There’s quiet for a moment, and then Frodo speaks up. “A great dread fell on him, as if he was awaiting the pronouncement of some doom that he had long foreseen and vainly hoped might after all never be spoken… At last with an effort he spoke, and wondered to hear his own words, as if some other will was using his small voice.
‘I will take the Ring,’ he said, ‘though I do not know the way.'”
Elrond is surprised but not surprised. He seems to have expected this answer the whole time: “If I understand aright all that I have heard,’ he said, ‘I think that this task is appointed for you, Frodo; and that if you do not find a way, no one will.'”

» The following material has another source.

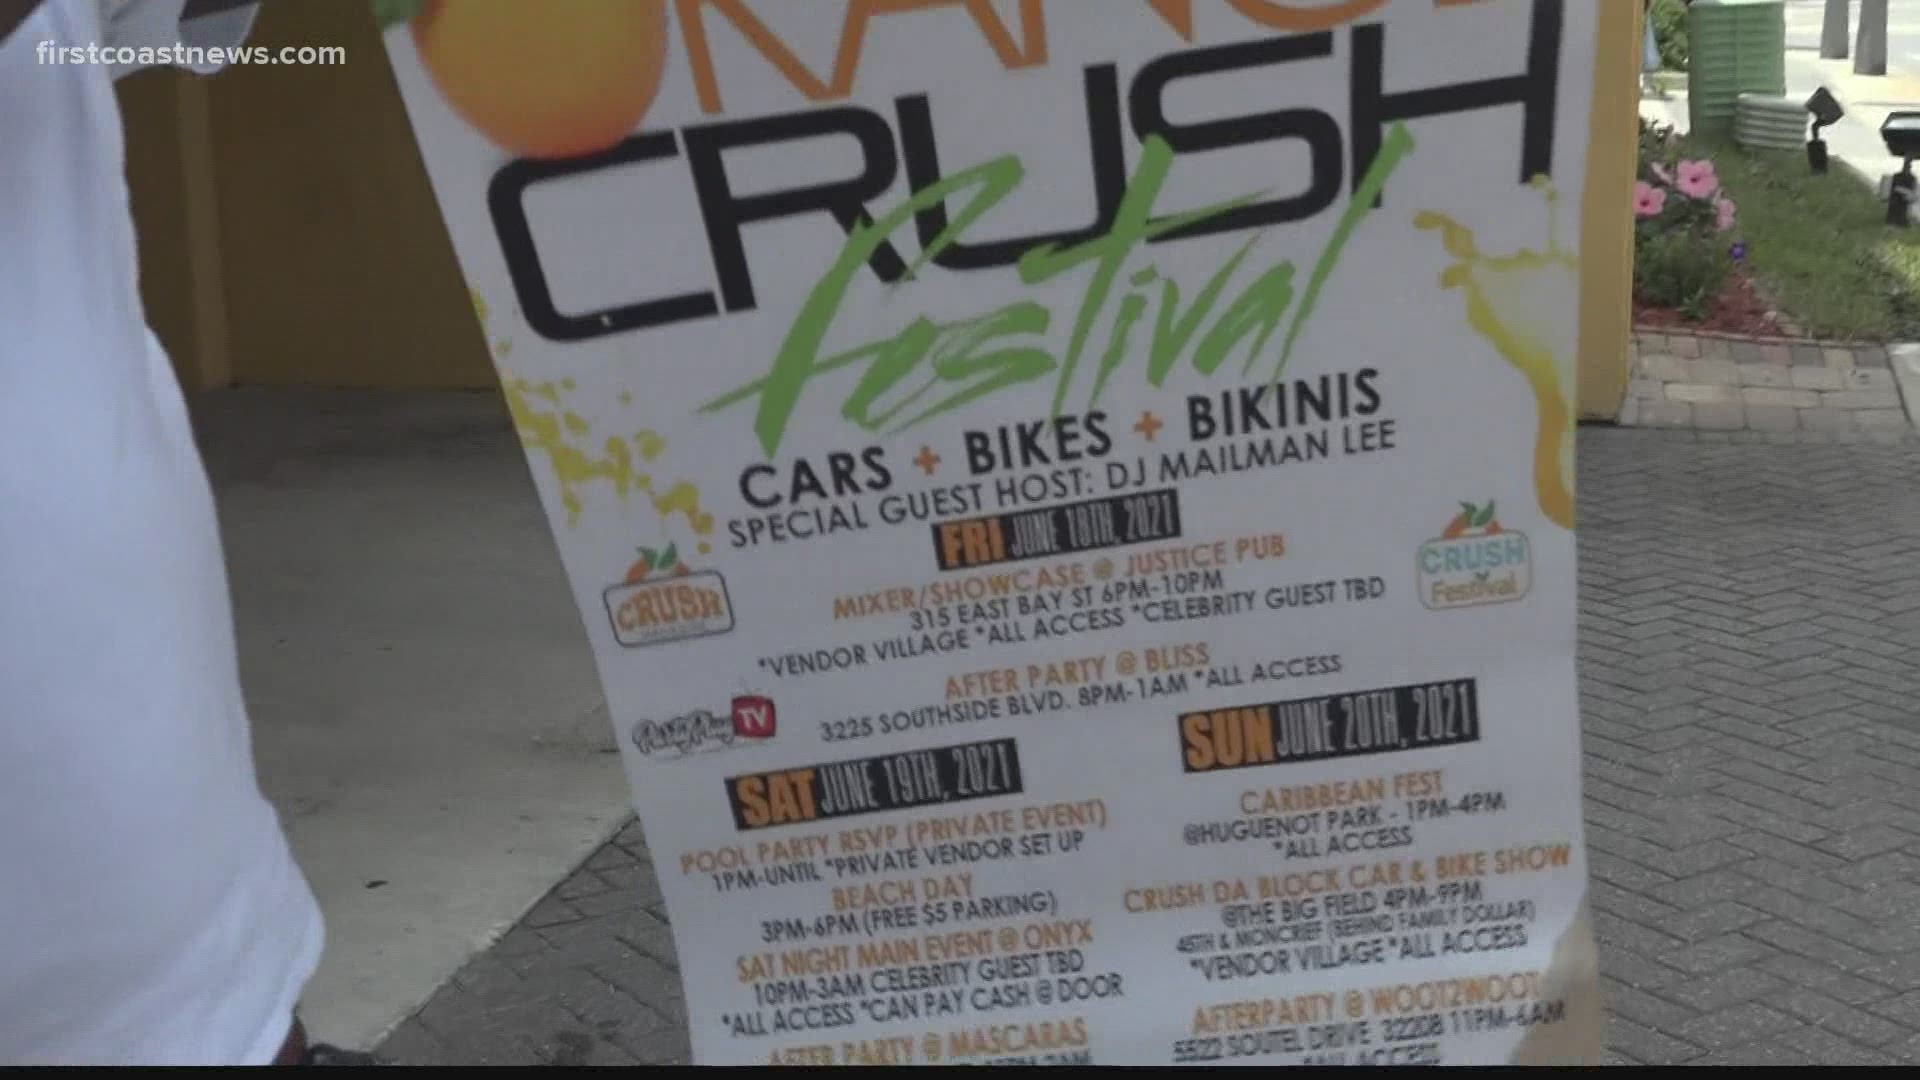 What to expect for Orange Crush Festival this weekend in Florida

Yup. This little Hobbit has been chosen by Fate or Iluvatar to complete a dire task that will determine the fate of all life in Middle-earth. Who’d have thunk it? It should have been an Elf or a Man doing this, but no, only a Hobbit will do.
And then Sam pops out of his hiding place, because you can’t separate Sam from Mister Frodo that easily. He’s going to go to Mordor with Frodo.